O debate sobre o desafio de lidar com o nó das finanças climáticas globais ganha espaço com a proximidade da COP28, em Dubai, nos Emirados Árabes Unidos. O tema teve papel central em pelo menos dois fóruns internacionais realizados em setembro.
Na Cúpula do G20, em Nova Délhi, na Índia, a declaração final reafirmou a necessidade de US$ 5,9 trilhões para que os países em desenvolvimento cumpram suas metas climáticas até 2030. Essas nações recebem atualmente apenas uma pequena porção dos recursos destinados a projetos que impactam positivamente no combate aos desafios climáticos do planeta.
A dificuldade para que os países mais pobres enfrentem a mudança do clima foi debatida também durante o Finance in Common Summit, encontro mundial de bancos de desenvolvimento, realizado em Cartagena, na Colômbia.
O evento reuniu instituições que, juntas, somam mais de US$23 trilhões em ativos e são responsáveis por mais de US$ 2,5 trilhões em investimentos anualmente. Os bancos de desenvolvimento debateram com a sociedade civil o papel que podem ter no preenchimento dessa lacuna de recursos voltados ao enfrentamento climático em países emergentes.
As discussões aconteceram à luz de dados relevantes, como o fato de os países emergentes receberem só 27% dos investimentos necessários para endereçar os riscos relacionados às mudanças climáticas. Ou o fato de apenas uma menor parte desses recursos partir do setor privado. Quando se analisa o investimento por tipo de capital, em países ricos, os recursos privados respondem por 78% dos investimentos climáticos. Já nas nações em desenvolvimento, o capital privado é responsável, em média, por 40% dos recursos destinados a questões relacionadas ao clima.
Os dados integram um trabalho apresentado durante o encontro na Colômbia por instituições como o Arapyaú, o Cebri (Centro Brasileiro de Relações Internacionais) e o iCS (Instituto Clima e Sociedade), além do próprio BNDES (Banco Nacional de Desenvolvimento Econômico e Social).
O documento defende que os bancos de desenvolvimento podem aumentar o seu impacto ao se aliar à filantropia. Ao trabalhar lado a lado, os dois atores têm a possibilidade de aumentar a mobilização e dar escala aos investimentos que contribuem com o enfrentamento da questão do clima e com a busca pelos ODS (Objetivos de Desenvolvimento Sustentável), das Nações Unidas.
À filantropia cabe exercer alguns papéis que não se encaixam ou ficam à margem das prioridades de atores tradicionais, como governos, fundos globais e setor privado, direcionando recursos para regiões menos atendidas ou patrocinando soluções em caráter piloto que possam gerar inovações e ganhar escala.

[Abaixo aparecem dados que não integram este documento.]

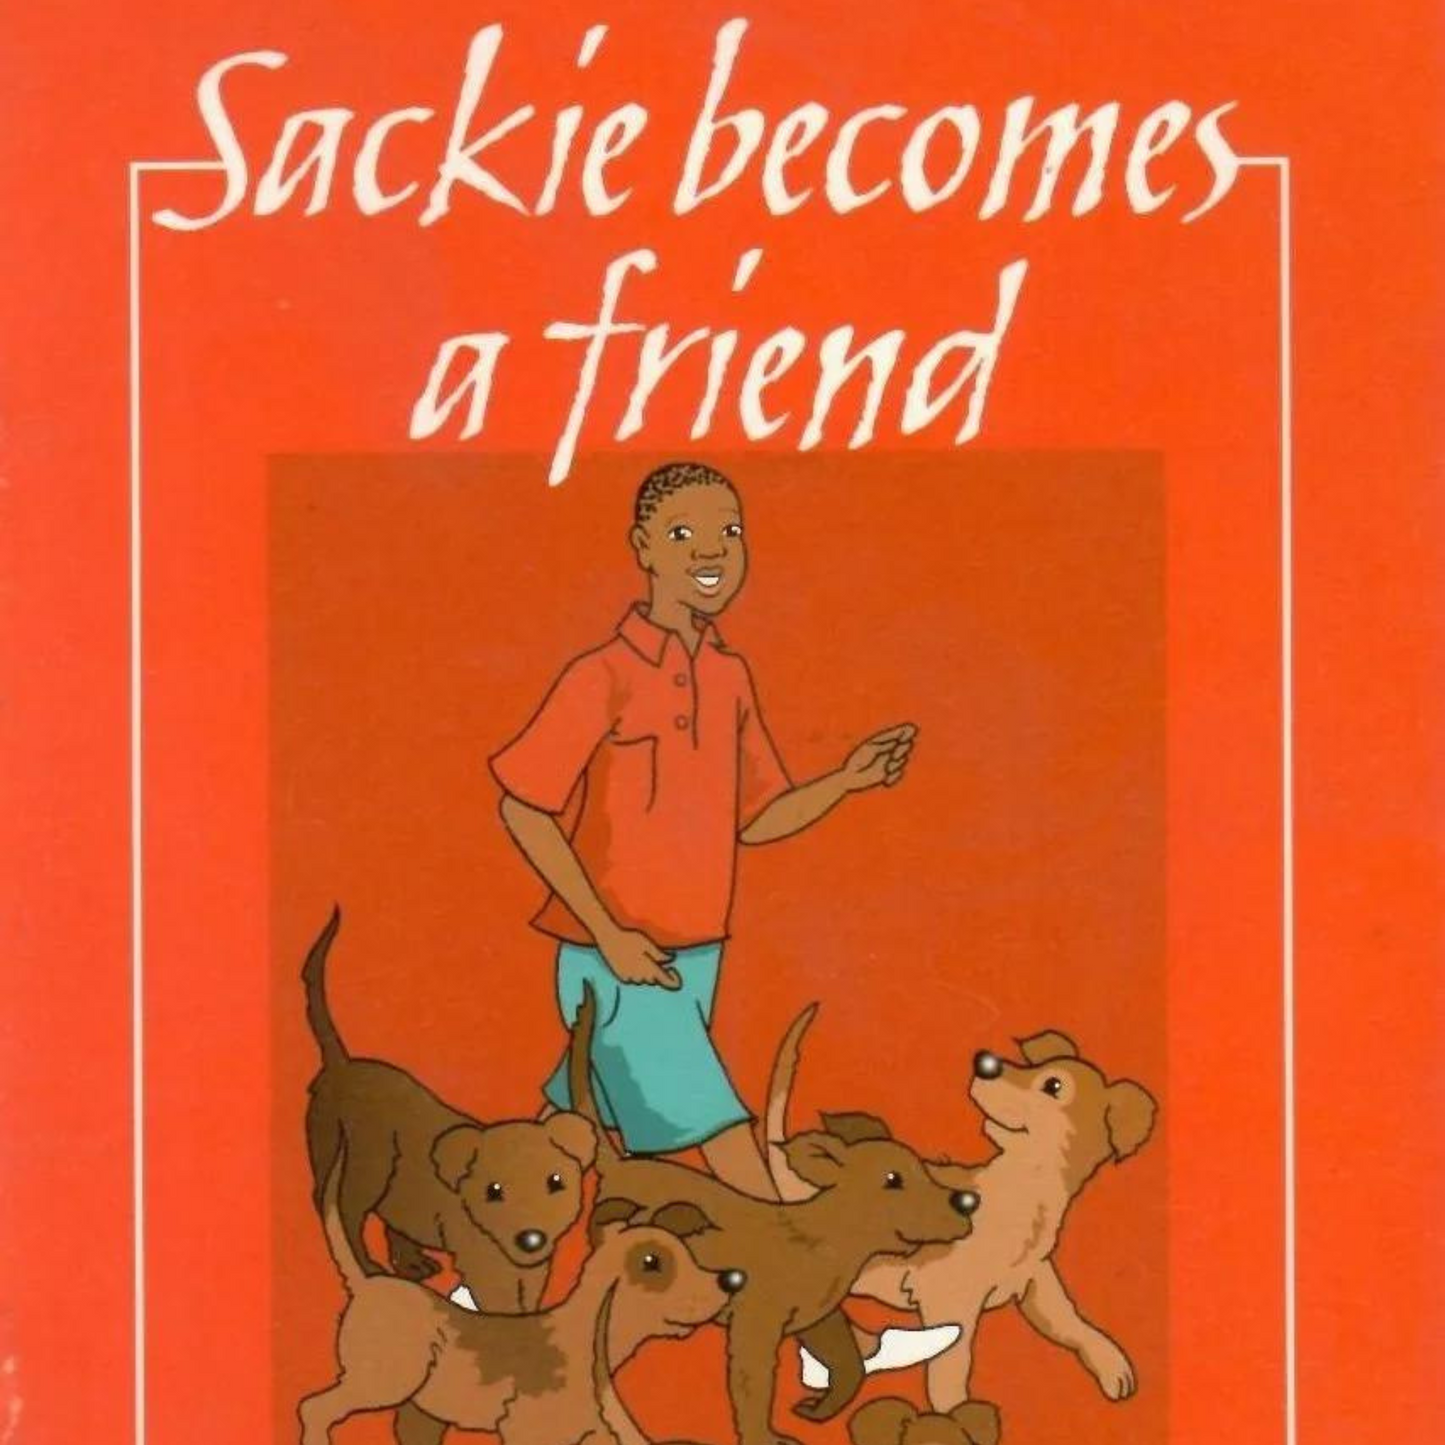 Sackie becomes a friend

A diretora-geral do Instituto Arapyaú, Renata Piazzon, foi uma das autoras do trabalho. Em sua coluna de setembro no Poder 360, ela argumentou: “na busca de alternativas que colaborem para o financiamento da transição para um modelo de desenvolvimento sustentável, resiliente e inclusivo, um dos pontos fundamentais é a união estratégica de diferentes tipos de capital, como o público, o privado ou o filantrópico, de modo a criar complementaridade entre eles, aumentando a escala e a eficiência dos investimentos”.

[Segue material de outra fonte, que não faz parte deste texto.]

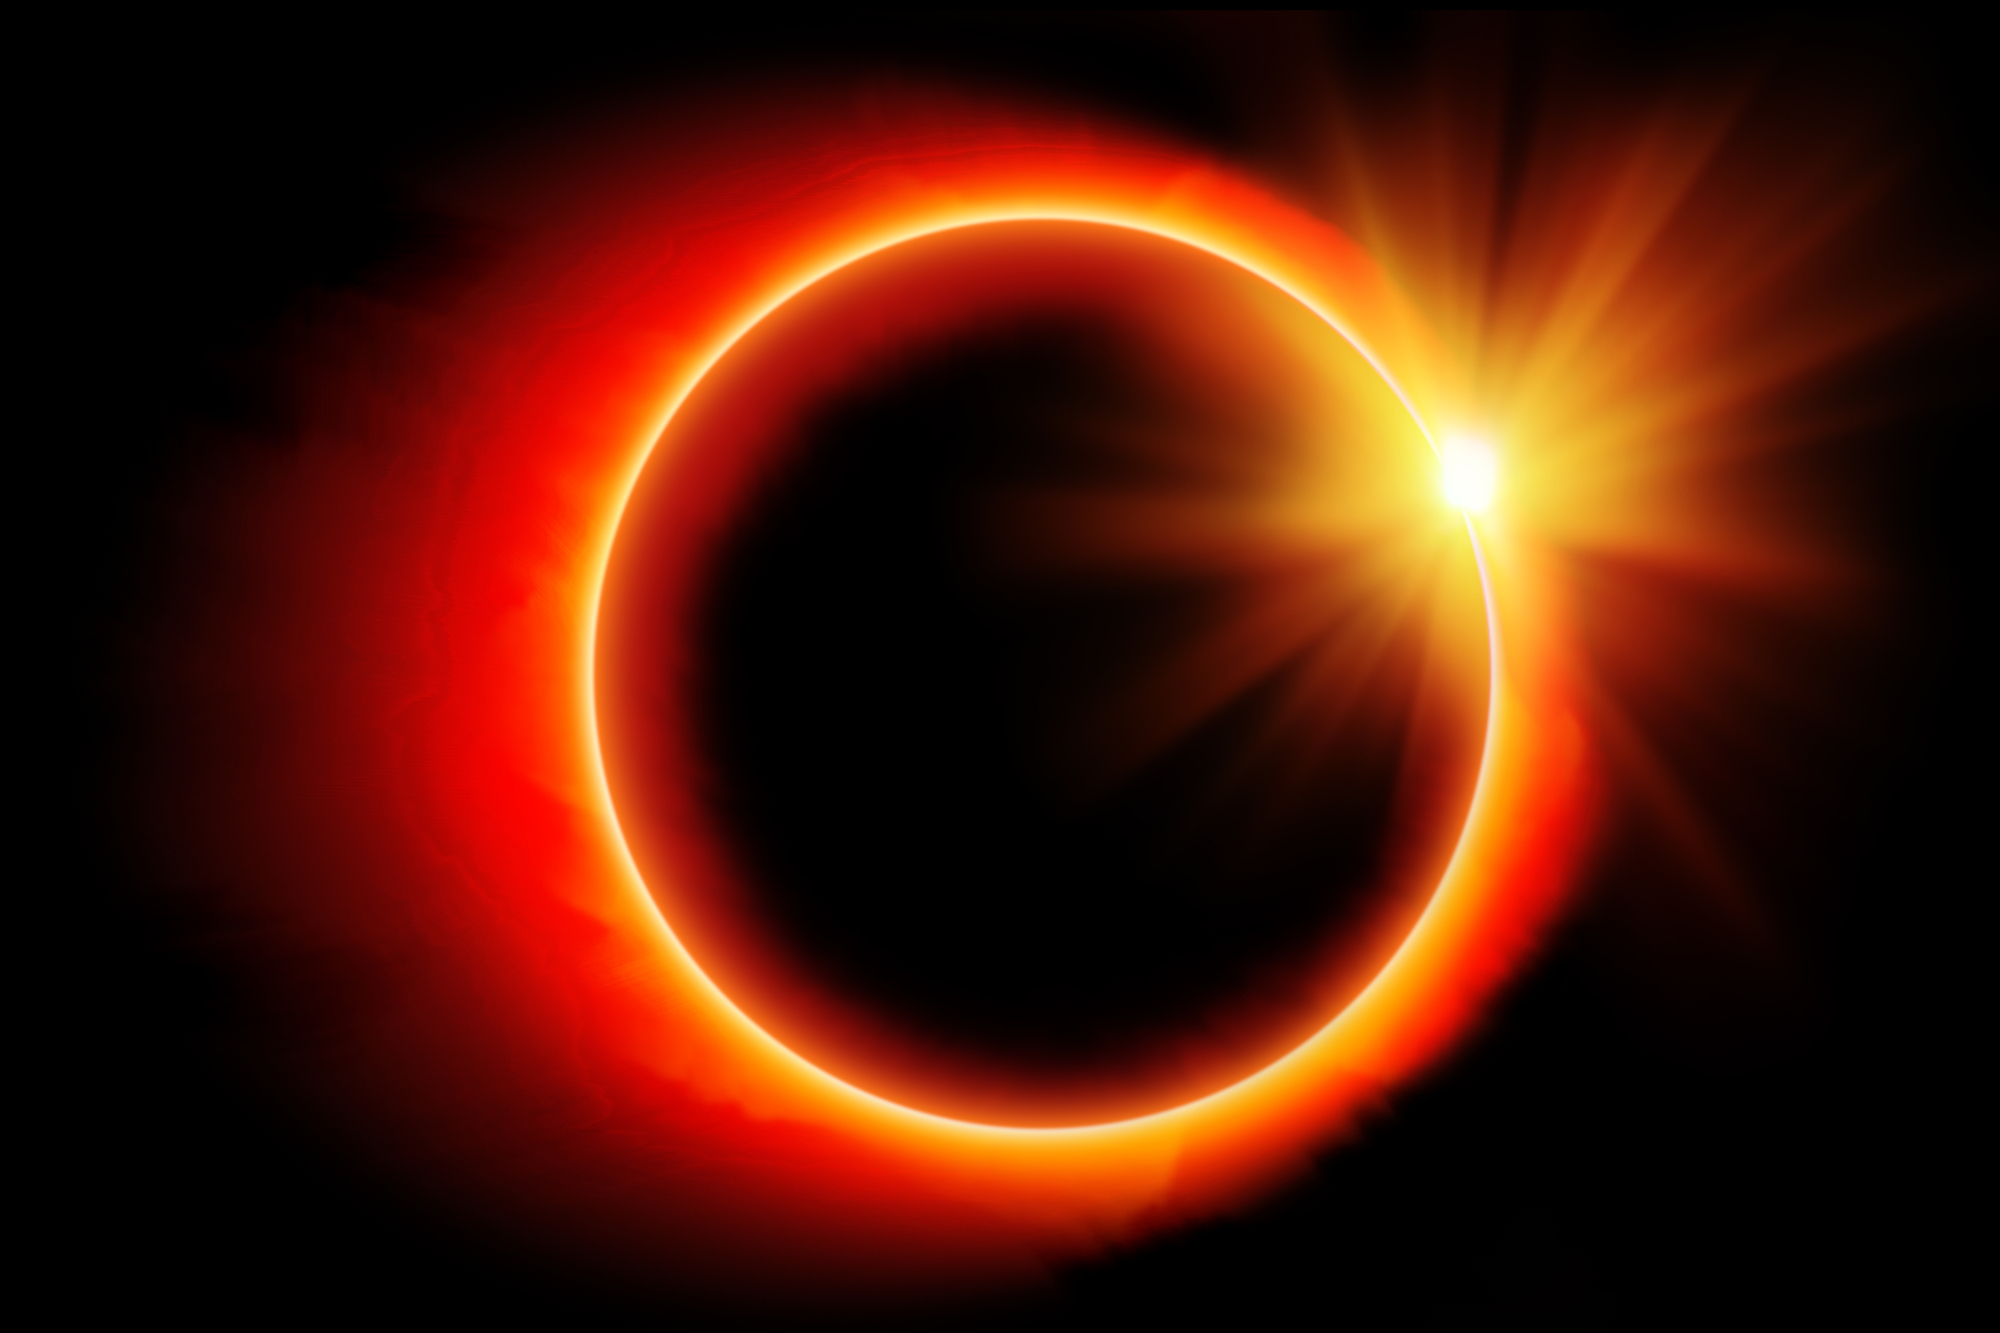 México verá dos eclipses solares en 2023 y 2024.

Uma das vantagens da união entre o capital filantrópico e o de bancos de desenvolvimento, segundo o documento, é o fato de unirem características diferentes, como a agilidade e propensão a testes da filantropia e os grandes montantes nas mãos dessas instituições. O trabalho conjunto seria possível com a adoção da modalidade de blended finance.
O trabalho cita como case o edital de blended finance do BNDES vencido pelo projeto do Certificado de Recebíveis Agrícolas (CRA) sustentável, criado para apoiar produtores de cacau que plantam em sistemas agroflorestais no sul da Bahia. O CRA sustentável tem o Instituto Arapyaú como um dos seus formuladores e traz, além da vantagem do financiamento, outros benefícios do trabalho conjunto, como a assistência técnica aos agricultores. É um exemplo de como o mecanismo de blended finance ultrapassa o potencial de financiar projetos ao integrar os ativos que cada um dos atores pode trazer, como posicionamento de mercado, troca de conhecimento e criação de redes colaborativas.